Solutions -- Analysis of Algorithms, part 1, CS 288, May 7, 2007

Solutions -- Analysis of Algorithms, part 1, CS 288,
May 7, 2007

1. &Theta(n^{lg 7})
2. &Theta(log² n)
3. &Theta(n log² n)
4. O(1)
5. O(1)
6. &Theta(log n). Asymptotic analysis is not particularly relevant here since once the minimal degree reaches a certain size, the height of a B-tree will be quite small (well under 10) for any likely value of n. Also, height computations are important largely to find the cost of search and insertion, but for B-trees, comparing two keys within the same node has a dramatically different cost in practice than comparing a key with a key from another node, which must be fetched from external memory.
1. In both cases, the worst-case time complexity is Θ(n log n).
2. Although n points would be sufficient to represent each factor, n points would be insufficient to represent the product.
3. Horner's rule has time complexity Θ(n), so using it n times on n independent problems would take time Θ(n²). The resulting algorithm would then take time Ω(n²), which cannot lead to an improvement over the multiplication algorithm for a coefficient-based representation. A similiar objection applies regarding the time required for interpolation.

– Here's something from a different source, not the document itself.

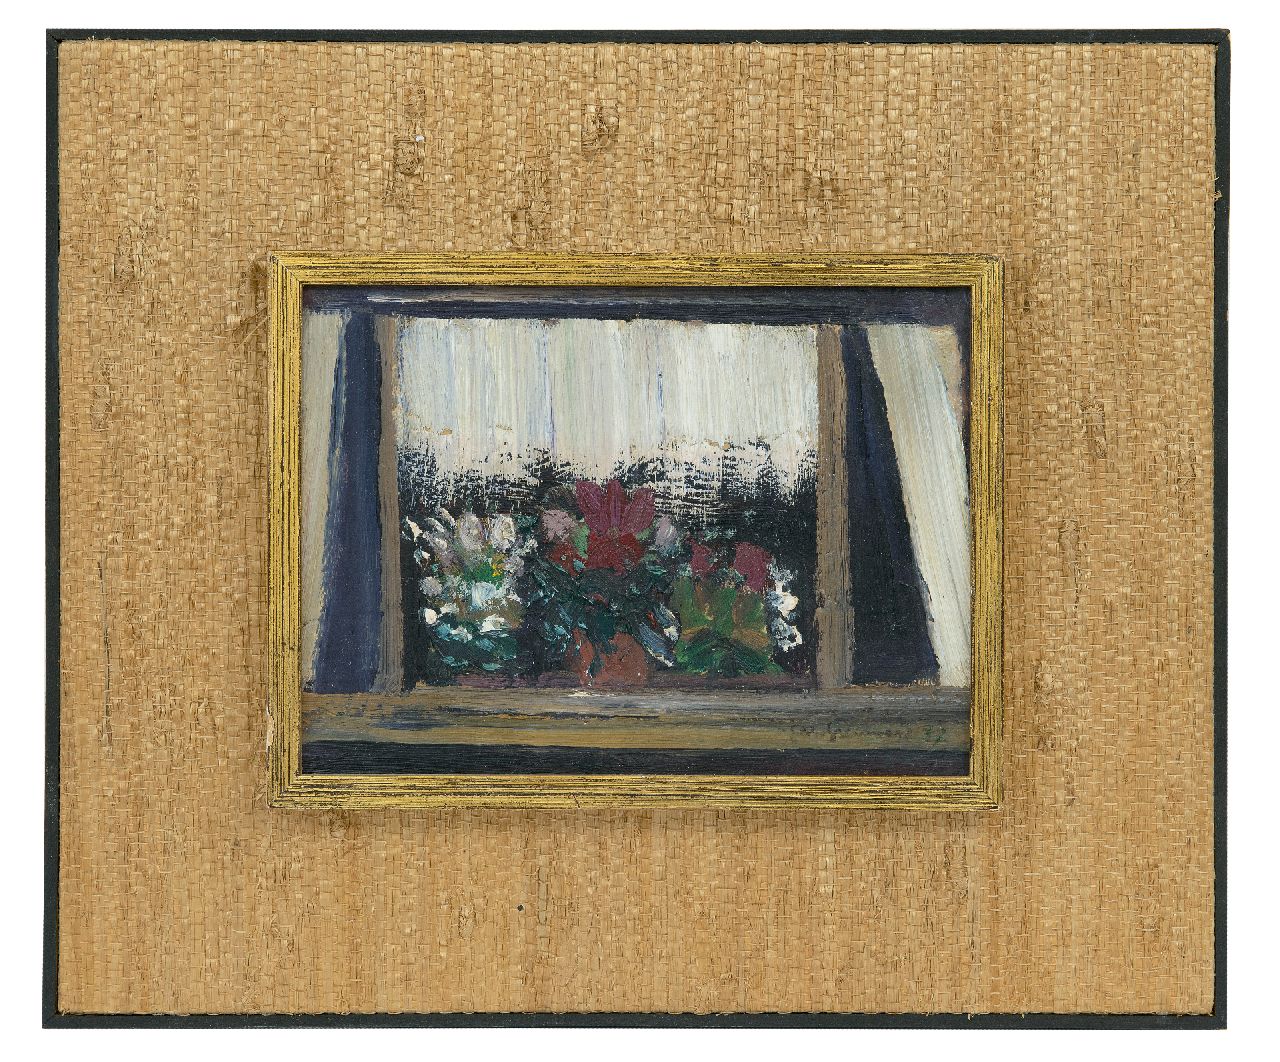 Grassère G.  | Gérard Grassère, Flowers in a window, oil on board 15.3 x 20.4 cm, signed l.r. and dated '37

4. If nth roots of 1 are used, the evaluations and interpolations are not independent. In particular, they can be formulated in terms of shared subproblems, so that a divide-and-conquer strategy makes multiplication using the Fast Fourier transform to change representations work faster asymptotically than multiplication in a coefficient-based representation.
1. The first seven tasks are scheduled in the respective slots 4, 2, 3, 1, 7, 6, 5. The last task cannot be scheduled.
2. The scheduling of task i requires inspecting i slots. So scheduling n tasks requires inspecting Θ(n²) slots, and thus Θ(n²) time. Sorting can be done in time Θ(n log n), so the necessity of sorting would not change the time complexity of the overall scheduling algorithm.
3. The classes would be {0,1,2,3,4}, {5}, {6,7}, and {8}.
4. Here the scheduling would take time O(nα(n)), where α is the slow-growing function of Chapter 21 of Cormen et al. Since the cost of sorting is asymptoticallly larger than this, the overall cost of the algorithm would be Θ(n log n).
5. Since tasks with deadline d, and any equivalent deadline, would now have to be treated the same as a task with deadline s-1, so the arguments to UNION would be d and s-1 (or equivalently s and s-1, since s would be d's representative). Recall that UNION calls FIND-SET.
6. The union-find structure after completion of the scheduling of the tasks of part 1 is given below. Note that the nodes represent slots, and FIND-SET(x) returns the slot to which a task with deadline x can be assigned. In particular, if x is in a tree rooted at 0, then a task with deadline x can no longer be scheduled. Note that any representation would have to provide a way of determining which tasks cannot be scheduled.
  The calls to UNION would have respective arguments (assuming that its arguments are d and s-1) 4 and 3, 2 and 1, 4 and 2, 3 and 0, 7 and 6, 6 and 5, and 5 and 4.
  Here no path compression is assumed. If path compression is assumed, then it would only take place for the very last successful task assignment, with deadline 5, after which the node 4 and its parent 3 would point directly to 0.
```
          0          8
       /     \
      1       5   
     / \     / \
    2   3   7   6
        |
        4
```
Note that for the scheduling problem of Section 16.5 of Cormen et al, a greedy scheduling algorithm of the sort we are considering can be used; cf their Exercise 16-4.